Records from a data collection
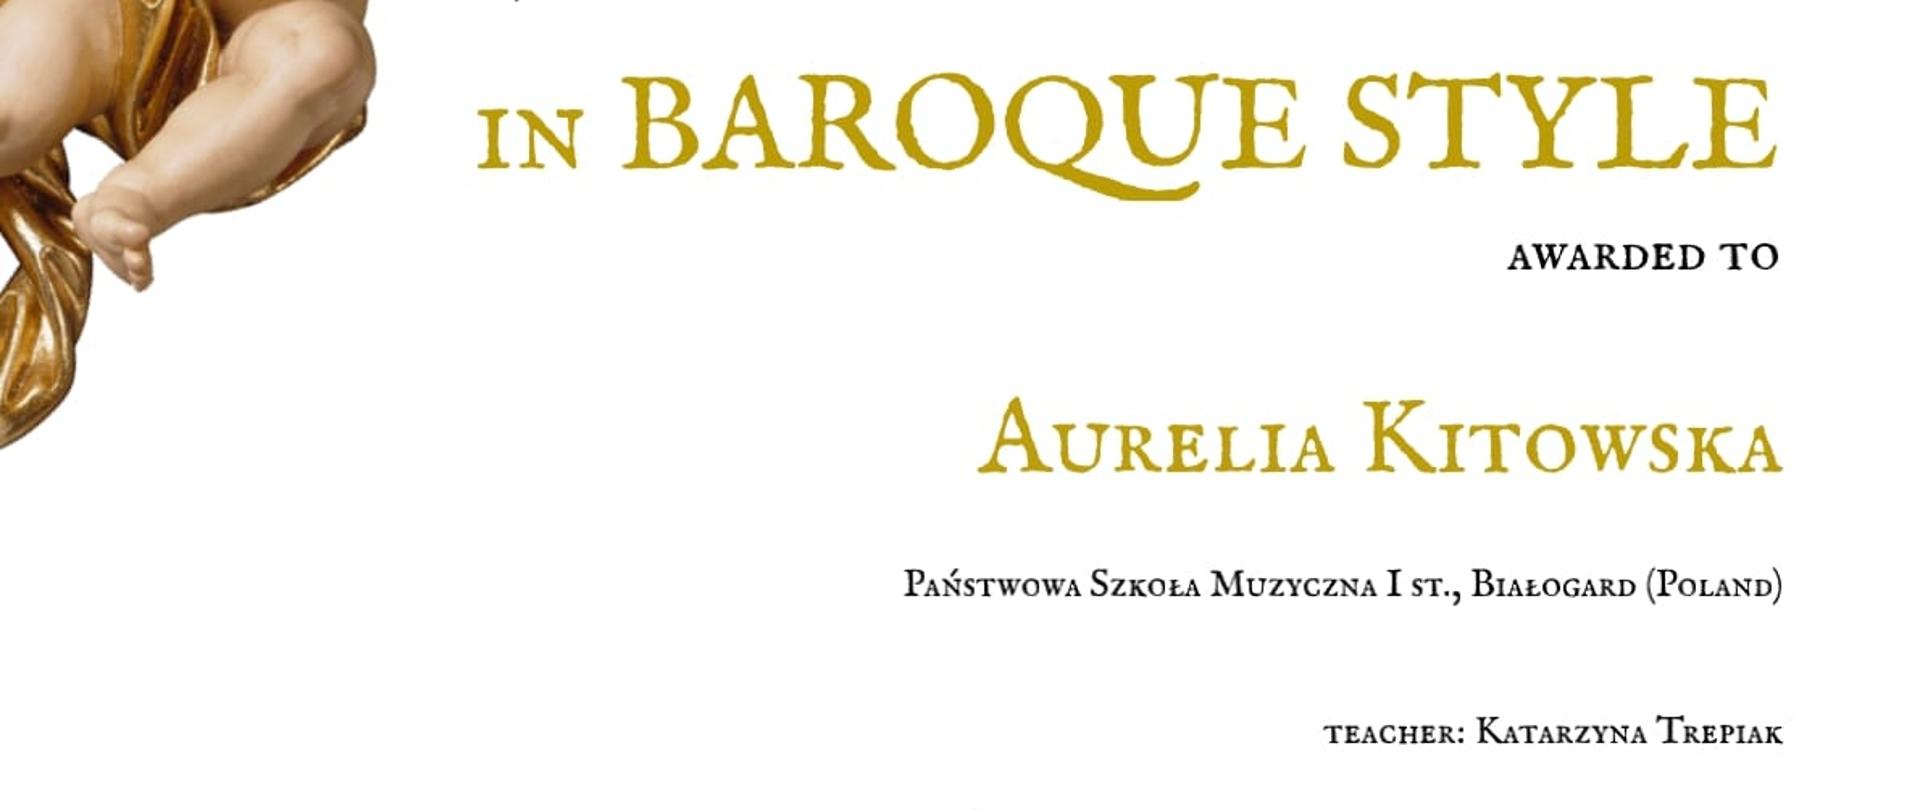 Dyplom z konkursu "W barokowym stylu" dla Aurelii Kitowskiej
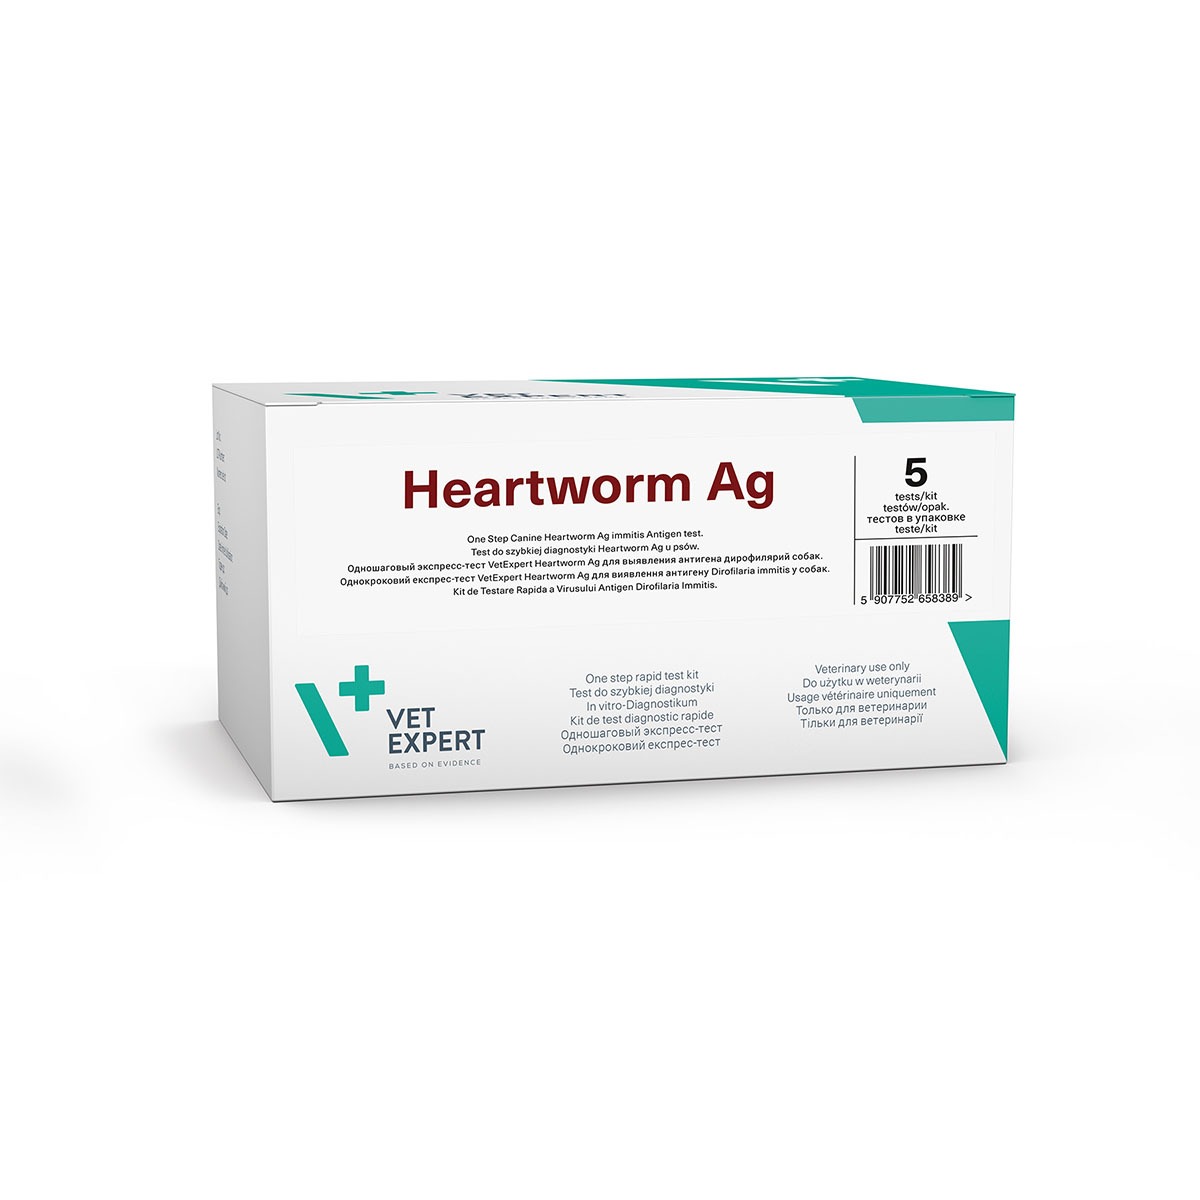 VetExpert Heartworm Ag Schnelltest Diagnostik Schnelle diagnostische Tests für Diagnose einer Infektionskrankheit Infektionen Tierarztbedarf, Veterinärbedarf, Veterinärmedizin, Praxisbedarf, Ergänzungsfuttermittel, Tierarztprodukten, Tierapotheke, Tierpflegeprodukte
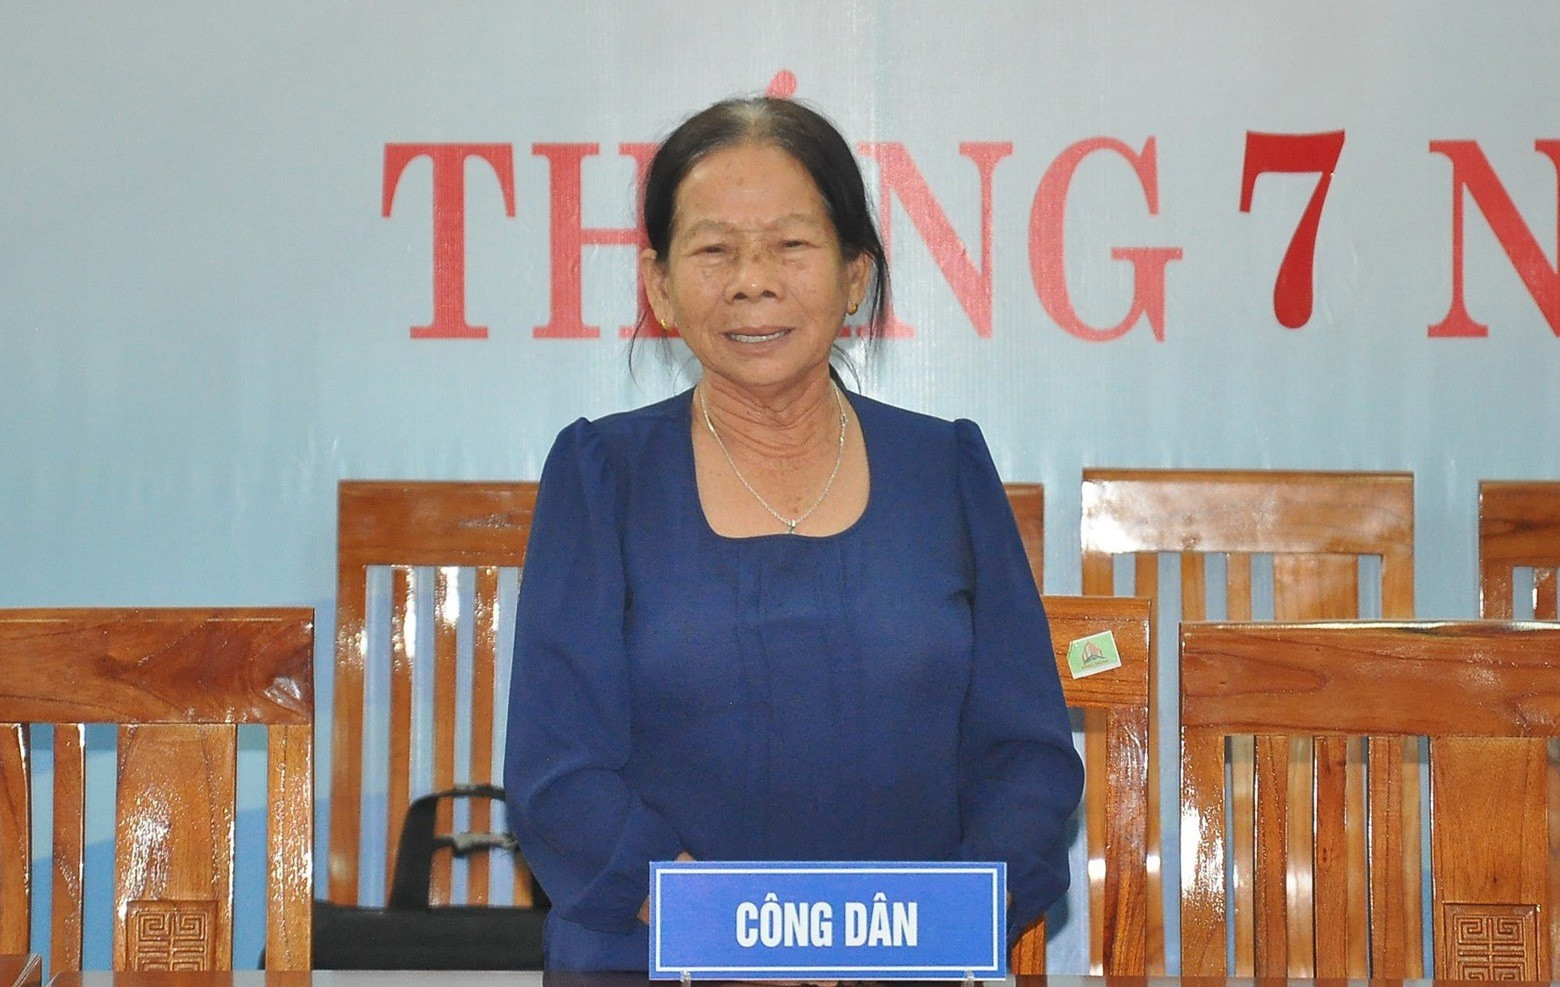 Hơn 9 năm trời (2011 - 2020), bà Lê Thị Phiên mang đơn khiếu nại đến các cấp có thẩm quyền để đòi đất, nhưng đến nay vụ việc vẫn chưa được giải quyết dứt điểm. Ảnh: VINH ANH
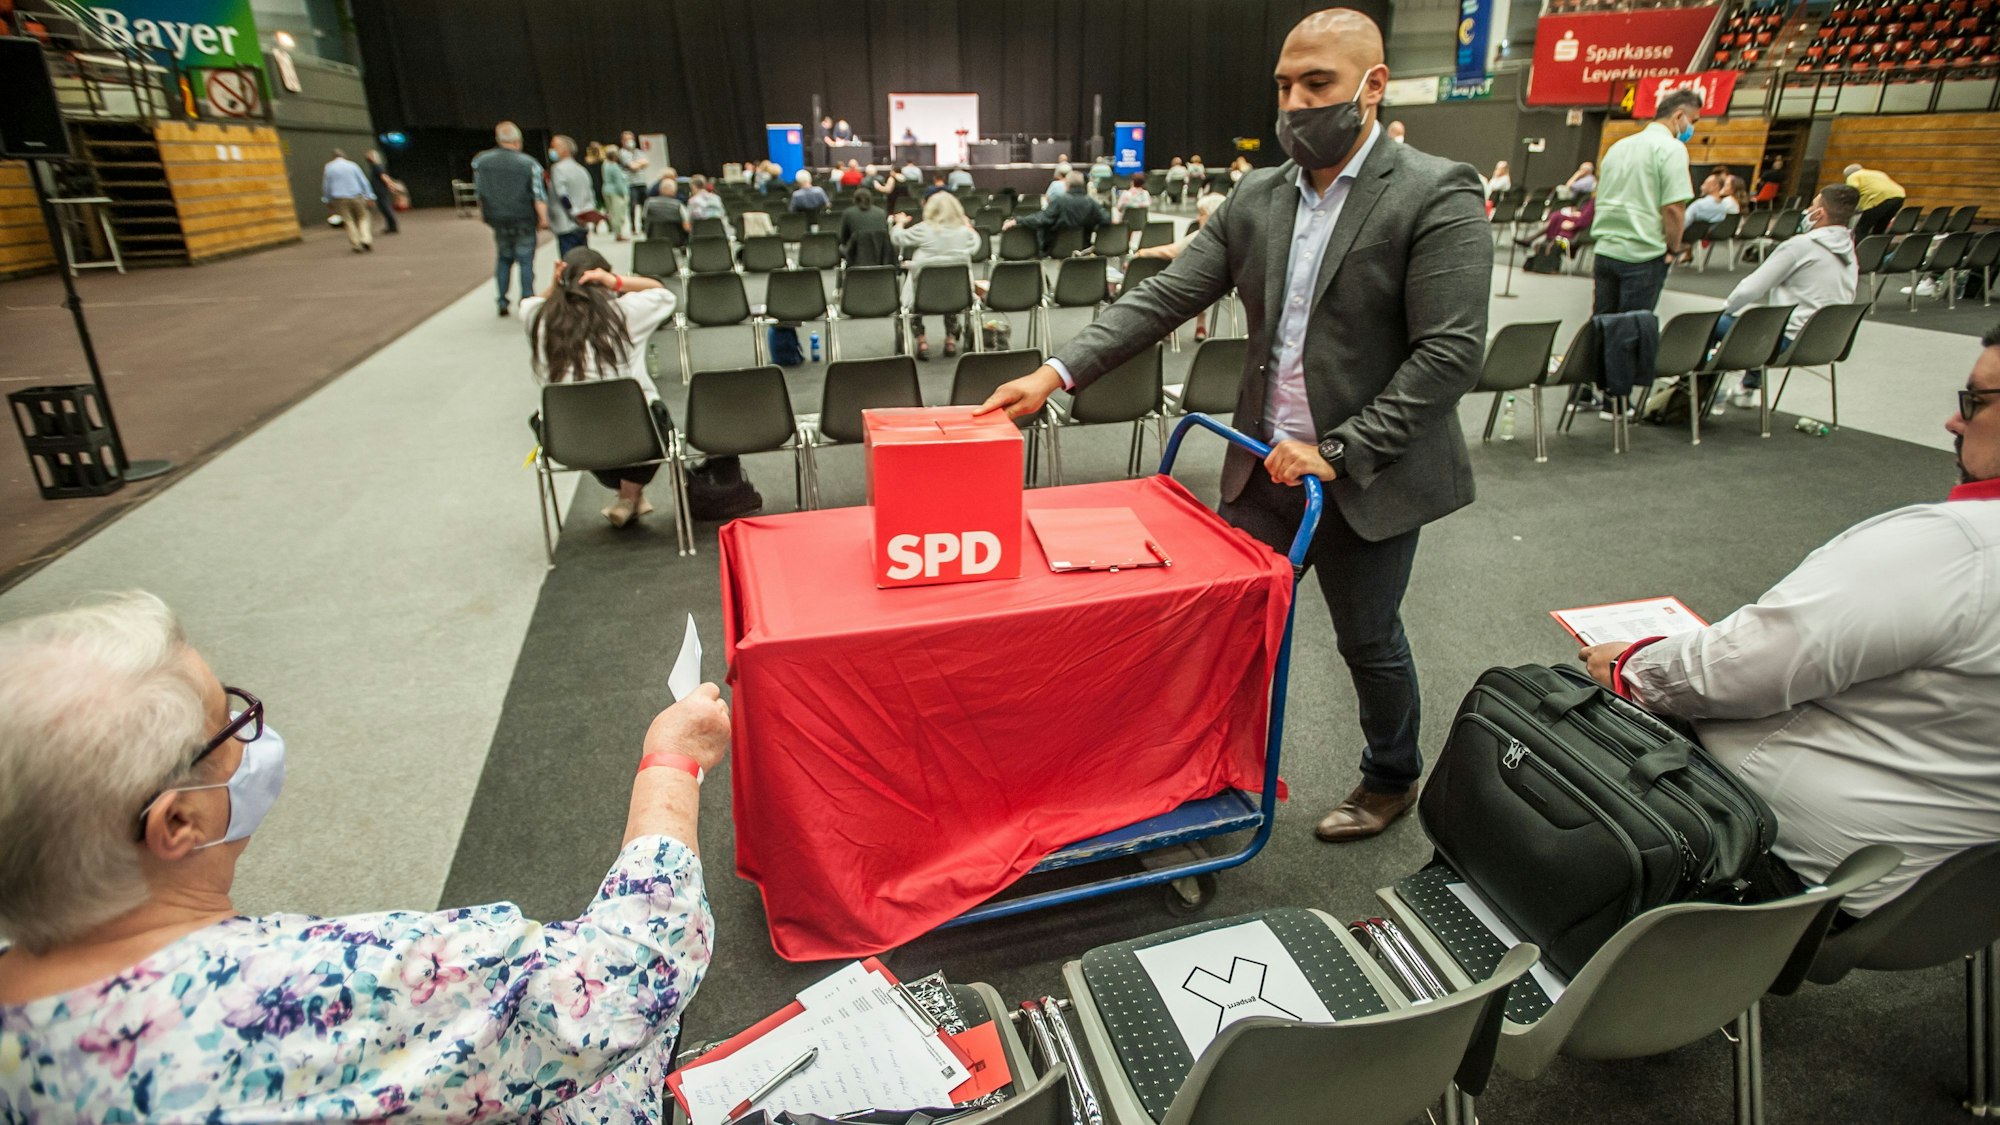 In einer großen Halle sitzen vereinzelt Menschen. Ein Mann schiebt einen kleinen Wagen durch die Sitzreihen. Darauf steht eine Wahlurne mit SPD-Logo.
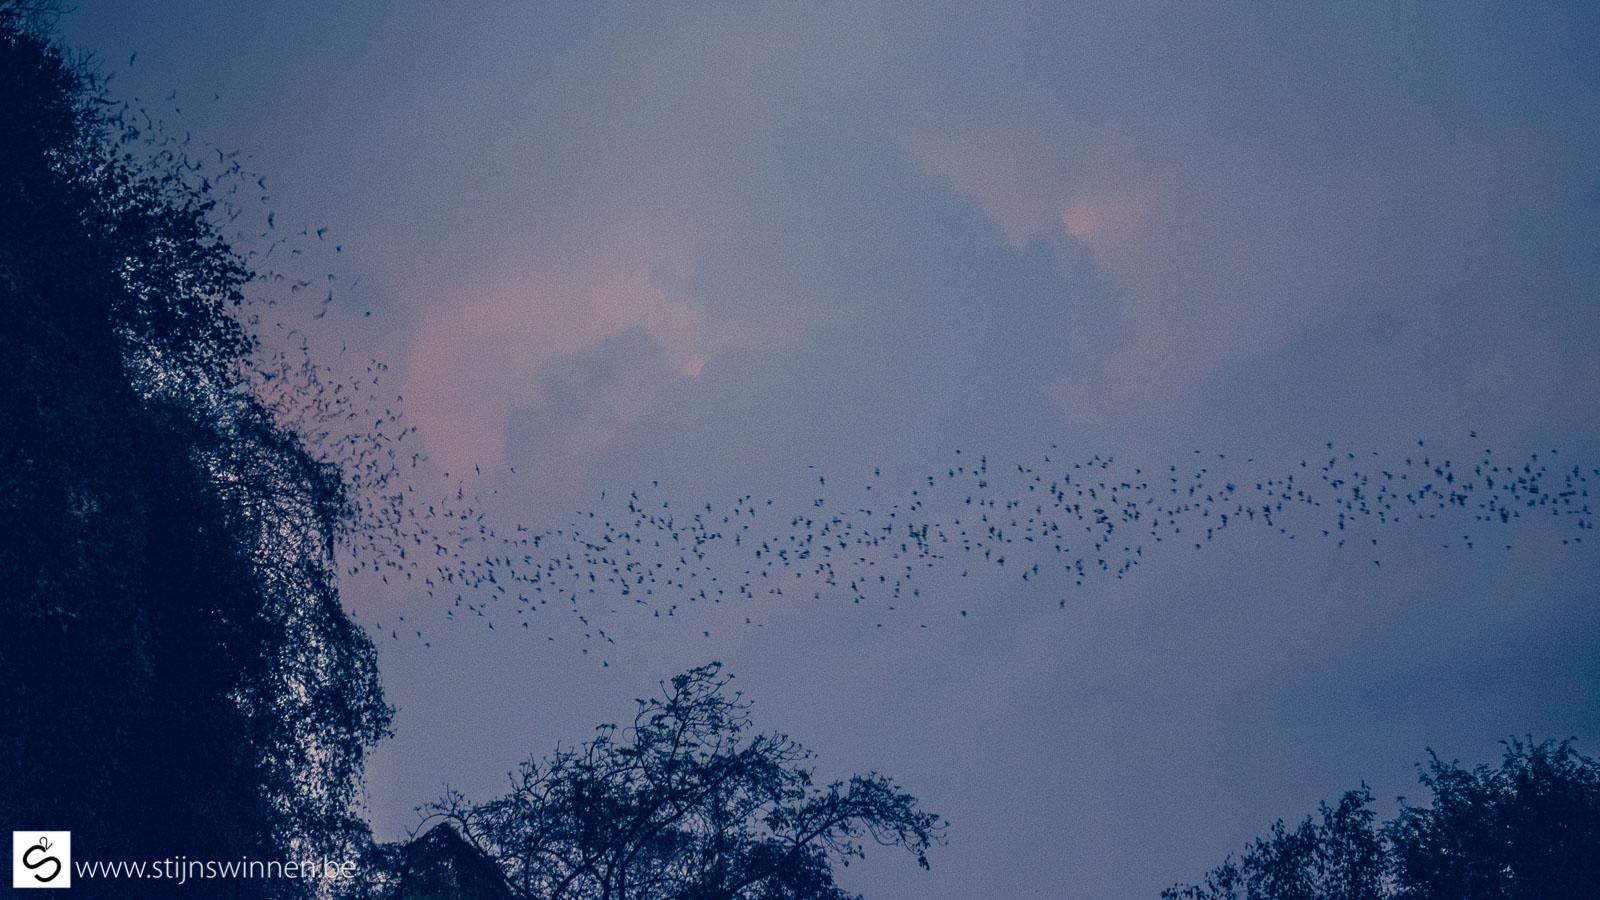 BATtambang - What you see are bats

Task requirements
The lines to retype run from the one containing "In einer großen" through the last line of the records above; write them exactly and skip the pictures.

Solution to this task
 In einer großen Halle sitzen vereinzelt Menschen. Ein Mann schiebt einen kleinen Wagen durch die Sitzreihen. Darauf steht eine Wahlurne mit SPD-Logo.
 BATtambang - What you see are bats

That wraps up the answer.